Sebagaimana diketahui, dalam acara Dies Natalis Universitas Jayabaya, Jakarta, Kamis (9/10), Menko Maritim Rizal Ramli mengkritik kerasFreeport yang sudah bercokol di Indonesia sejak 1967. Freeport dinilai sudah seenaknya sendiri membuang limbah tambang ke sungai di sekitar area penambangan.
Limbah yang diaduk dengan merkuri itu dibuang begitu saja di sungai sehingga mengakibatkan banyak ikan yang mati serta penduduk setempat menderita. Kalau mereka ikut good governance, enggak ada susahnya itu memproses limbah itu," kata Rizal.

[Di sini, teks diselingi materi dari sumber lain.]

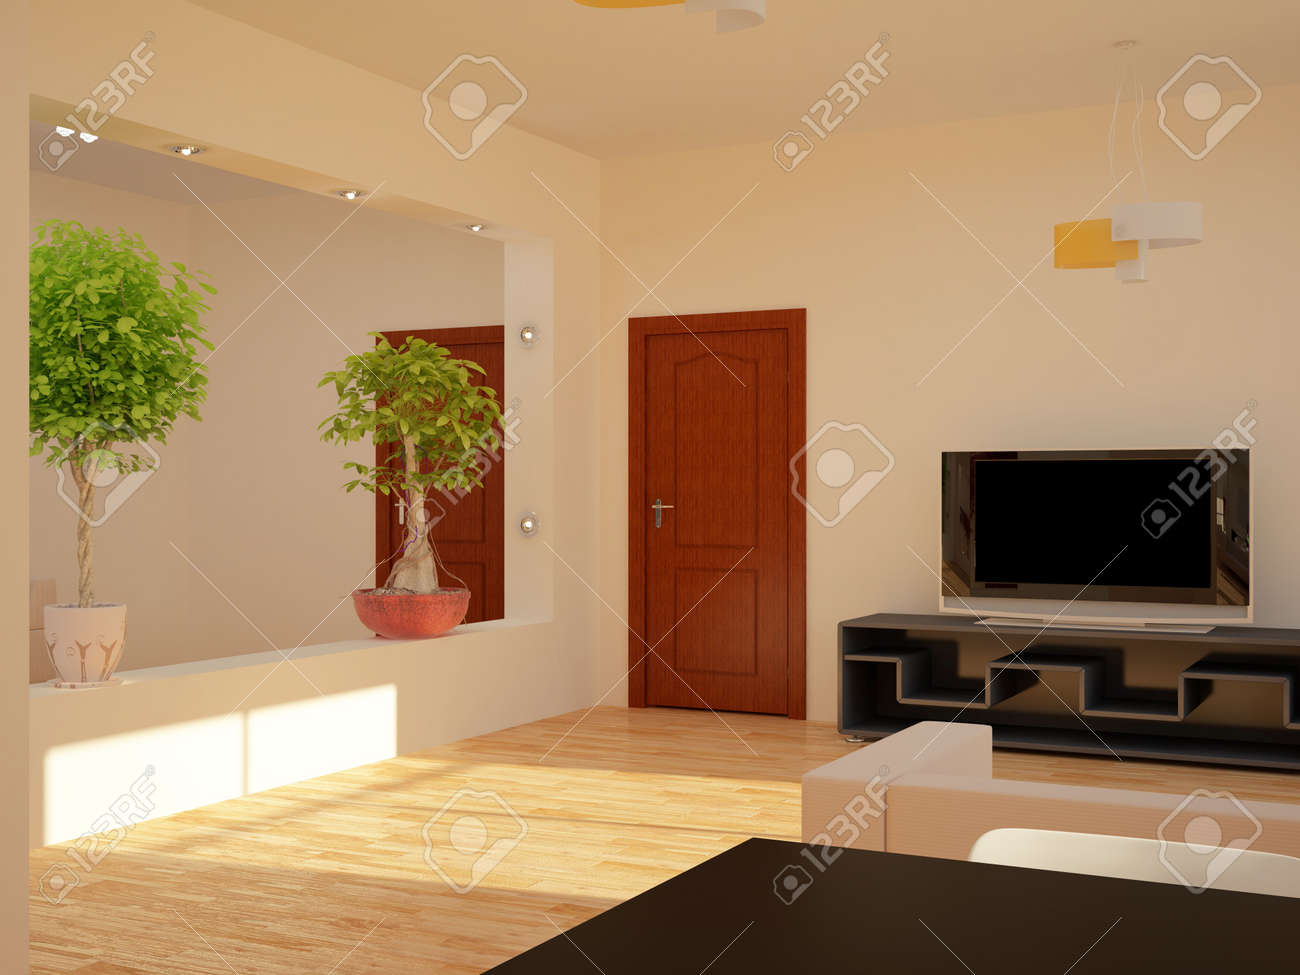 High resolution image interior. 3d illustration modern interior. Stock Photo - 5192655

Rizal menjelaskan Freeport paham bahwa hukum di Indonesia lemah sehingga terus-terusan melakukan pencemaran lingkungan itu. Padahal, di negara asalnya, kata Amerika Serikat, perusahaan yang melakukan pencemaran alam dikenai denda yang sangat besar hingga puluhan miliar dollar AS.
Dari sisi pembayaran royalti, Freeport hanya bayar 1 persen kepada negara. Masyarakat Papua hanya dapat sedikit manfaat, sementara alam di sana rusak. Penyebab perusahaan asing itu berani berlaku seenaknya lantaran banyak pejabat Indonesia yang mau disogok.